After setting these permissions the mailman server resumed normal operations.  It looks like apache will take over the files that are edited directly from the web interface.  That should be ok.  The main problem is giving mailman read/write access to the files that it needs to update and maintain the mailing list archives.  Trust me, if mailman can’t access any of these files it will move the message quietly over to the /var/spool/mailman/shunt directory.  Nobody wants that.  Once you resolve any permissions issues be sure to restart the mailman daemon.  To remove e-mail from the shunt directory run /usr/lib/mailman/bin/unshunt.

Mailman Archives Issue Resolved

I have been battling a weird archives issue with our GNU Mailman mailing list server.  We have some lists that archive properly when e-mail is sent to them.  We have other lists where the e-mail is delivered but does not show up in the archives.  We also have lists where e-mail sent to them disappears and is never heard from again.  I have been hassling with this permissions issue literally for years now.  I picked the baton up again today and decided to try to bring this one home.  First I started in the mailman error logs:

/var/log/mailman/error

Jul 26 12:25:43 2010 (2755) Uncaught runner exception: [Errno 13] Permission denied: ‘/var/lib/mailman/archives/private/listname/index.html’Jul 26 12:25:43 2010 (2755) Traceback (most recent call last):
File “/usr/lib/mailman/Mailman/Queue/Runner.py”, line 112, in _oneloop
self._onefile(msg, msgdata)
File “/usr/lib/mailman/Mailman/Queue/Runner.py”, line 170, in _onefile
keepqueued = self._dispose(mlist, msg, msgdata)
File “/usr/lib/mailman/Mailman/Queue/ArchRunner.py”, line 73, in _dispose
mlist.ArchiveMail(msg)
File “/usr/lib/mailman/Mailman/Archiver/Archiver.py”, line 217, in ArchiveMail
h.close()
File “/usr/lib/mailman/Mailman/Archiver/pipermail.py”, line 324, in close
self.write_TOC()
File “/usr/lib/mailman/Mailman/Archiver/HyperArch.py”, line 1094, in write_TOC
toc = open(os.path.join(self.basedir, ‘index.html’), ‘w’)
IOError: [Errno 13] Permission denied: ‘/var/lib/mailman/archives/private/listname/index.html’
Jul 26 12:25:43 2010 (2755) SHUNTING: 1280155615.876646+a19c8dce602a83897d29592d36d618fc80195ec7
I didn’t remember seeing this particular error message before (of course I didn’t write down the old ones) so I started over again with fresh eyes.  After googling for a long time I ran across this nugget:
>>I ran several times check_perms -f and it says all is fixed.
>
>
> check_perms is lying (actually, there are many files, as opposed to
> directories, that check_perms doesn’t check).
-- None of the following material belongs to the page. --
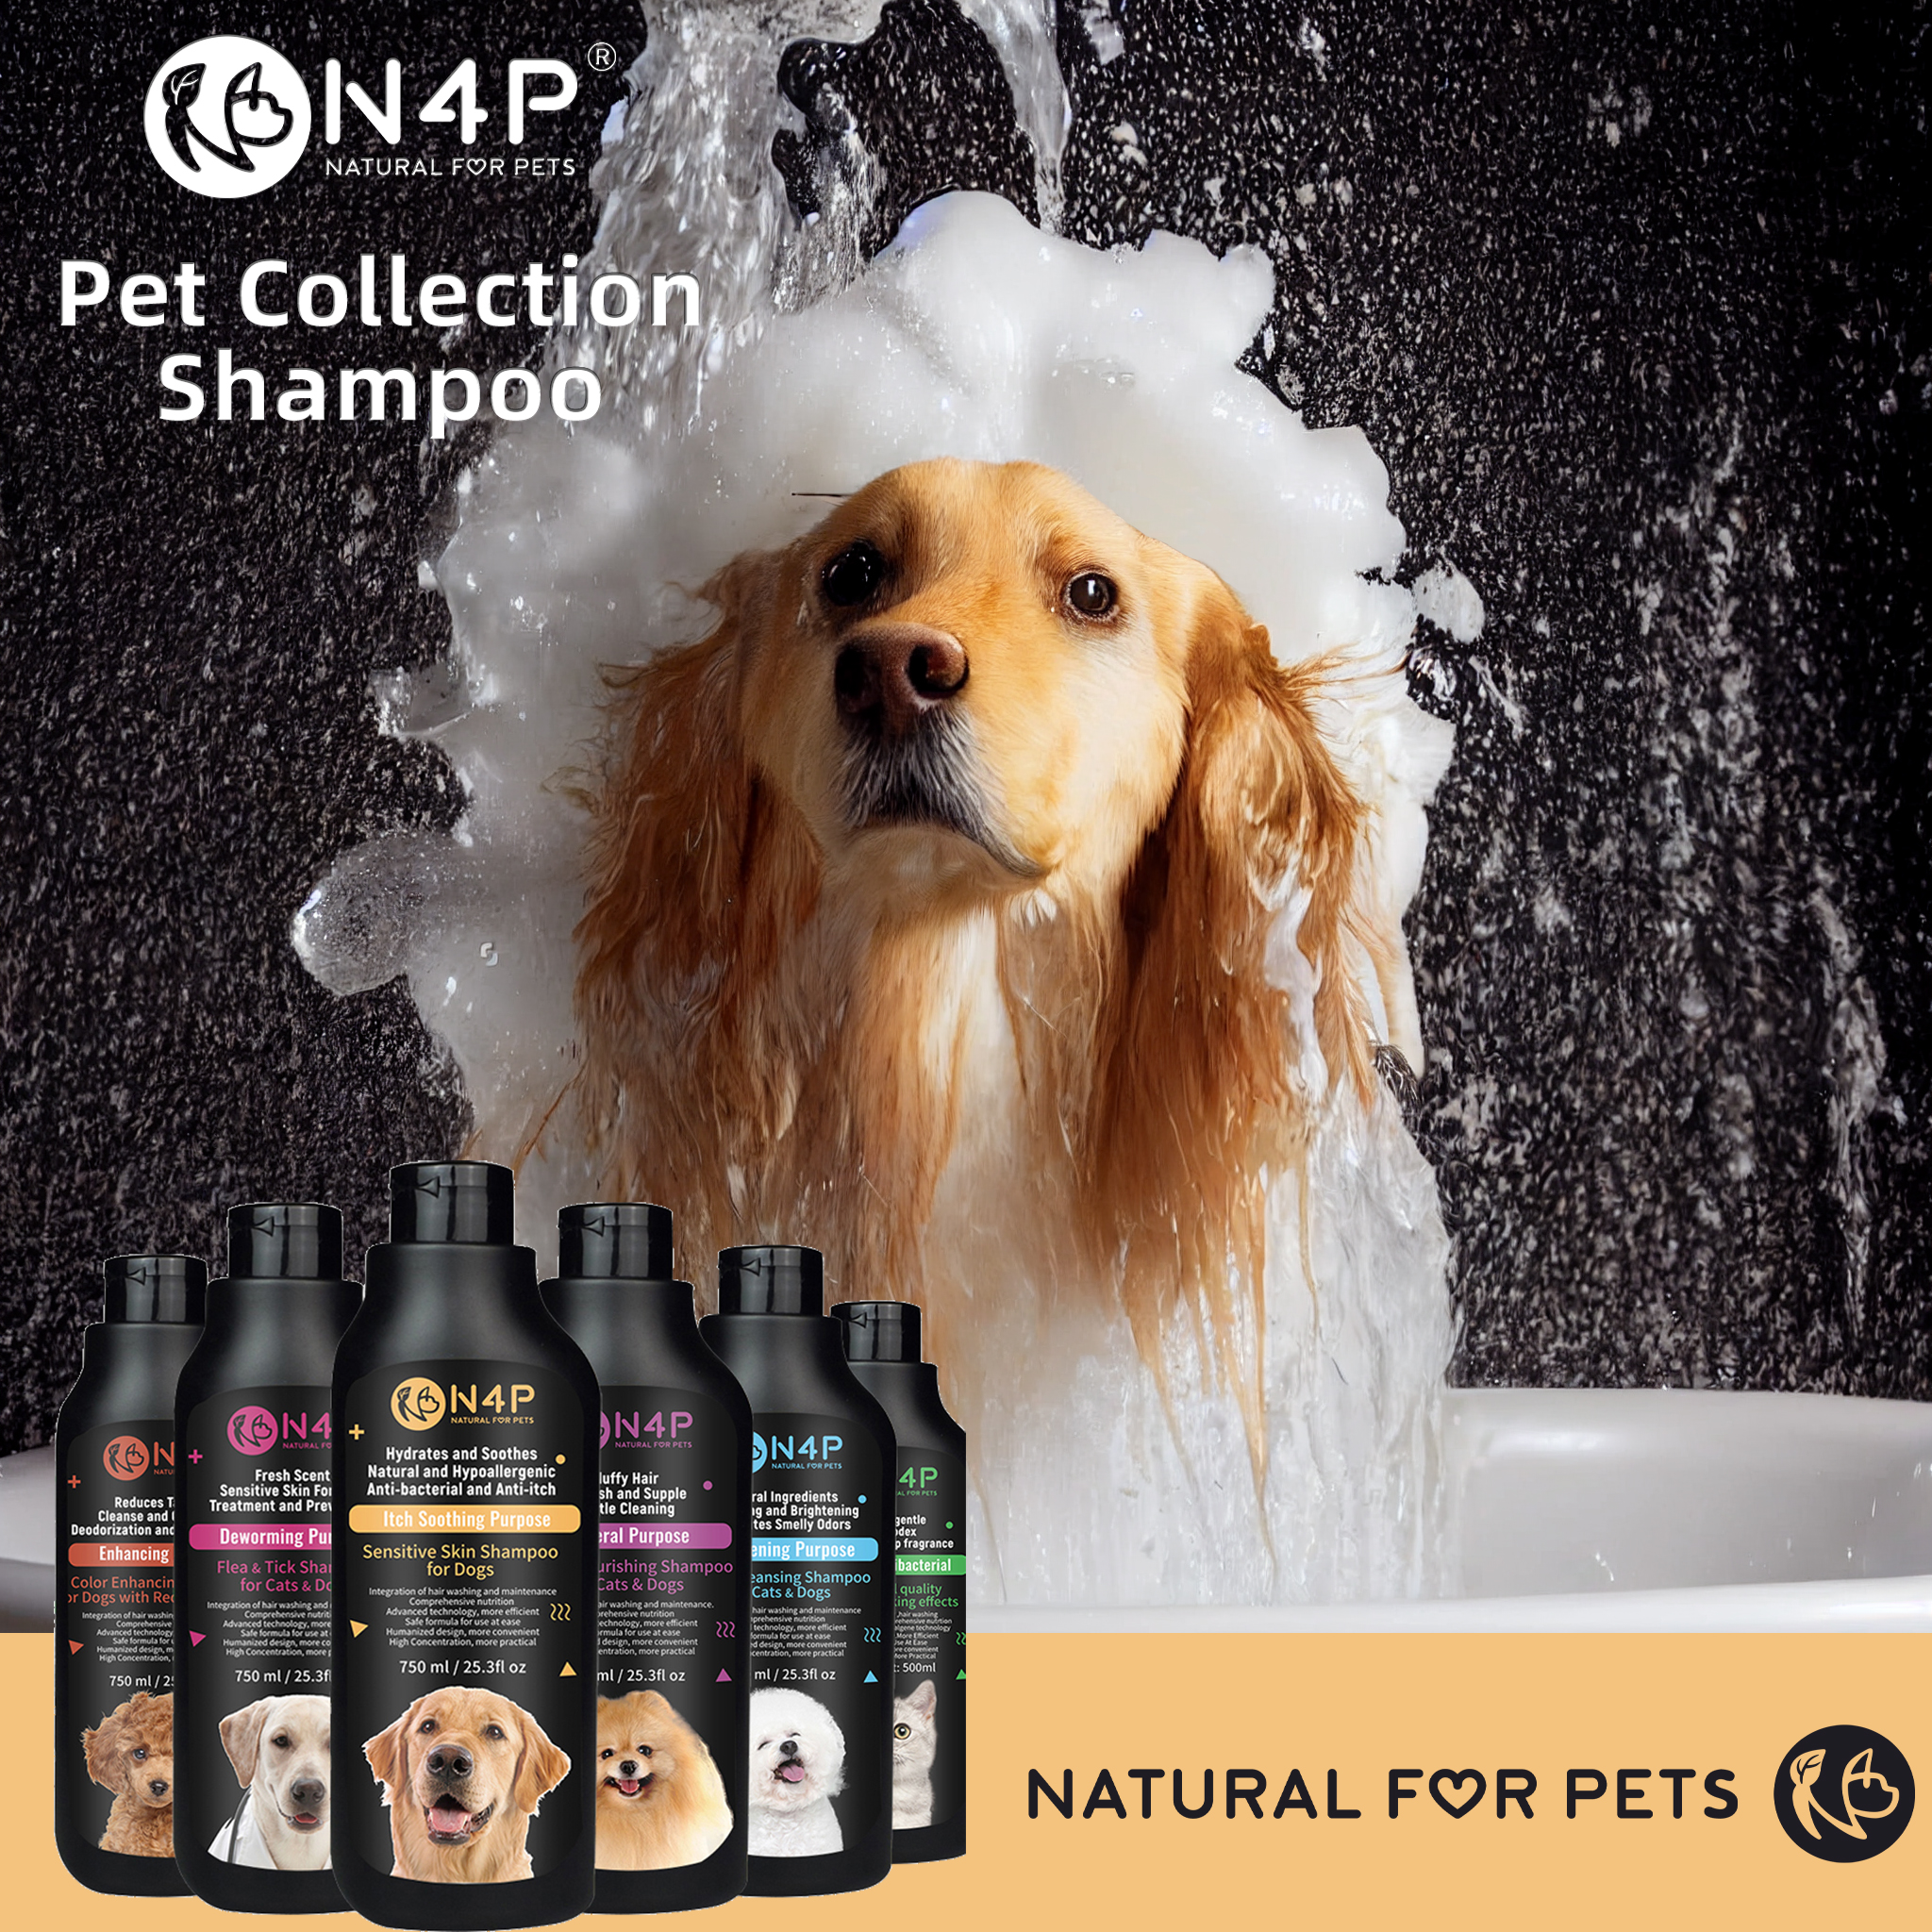 N4P: Your Go-To for Natural and Pet-Safe Grooming Essentials

The above file and all
> files in /var/lib/mailman/archives/private/ excluding those in
> /var/lib/mailman/archives/private/*/database/ need to be group
> writable.
>
> Once you fix these permissions, you could run bin/unshunt to add the
> shunted messages to the archive, but there is an issue in that the
> messages have been successfully added to
> /var/lib/mailman/archives/private/mylist.mbox/mylist.mbox, and
> unshunting will add them again.
>
> Rather than trying to fix archive permissions, I suggest you verify
> that /var/lib/mailman/archives/private/mylist.mbox/mylist.mbox
> contains all the lists posts from inception to date, and mayby verify
> there are no stray “From ” lines in message bodies with bin/cleanarch,
> and then stop Mailman and rebuild the archive with
>
>  bin/arch –wipe listname
>
> and then start Mailman. This way, the pipermail archive will be
> completely rebuilt with correct permissions.
>
> This is one reason why I always recommend when moving lists to just
> move the LISTNAME.mbox/LISTNAME.mbox file and build the archive on the
> new machine with bin/arch.
>
> Note if you do this, remove the shunted messages from qfiles/shunt/ so
> they don’t accidently get unshunted in the future.
What?  The check_perms utility doesn’t fix all of the needed permissions in order for mailman to run properly?  Why won’t it complain when the daemon starts up then?  Why won’t it at least say that some of the permissions have been correct but not all of them? I’ve been running this mailman installation for several years now and I (and all my buddies who also run mailman) have always held up check_perms as the gold standard for making sure that mailman works properly.  I wish I had known about this a few weeks ago when I was moving hundreds of gigabytes of files from one server to another.  The bit about moving lists would have saved me (and my end users) a lot of time.

What’s The Frequency?

Cell phone coverage in our new building has proven to be quite a challenge.  It would appear that big steel buildings such as ours do not permit easy wireless transmission.  I have noticed issues with sending 802.11 G and N signals as well the signals that make our phones work.  The overhead wireless network was set up with a few more draft N access points to compensate for the signal troubles.  Unfortunately we can’t install a few more cell phone towers around the property to improve the signal.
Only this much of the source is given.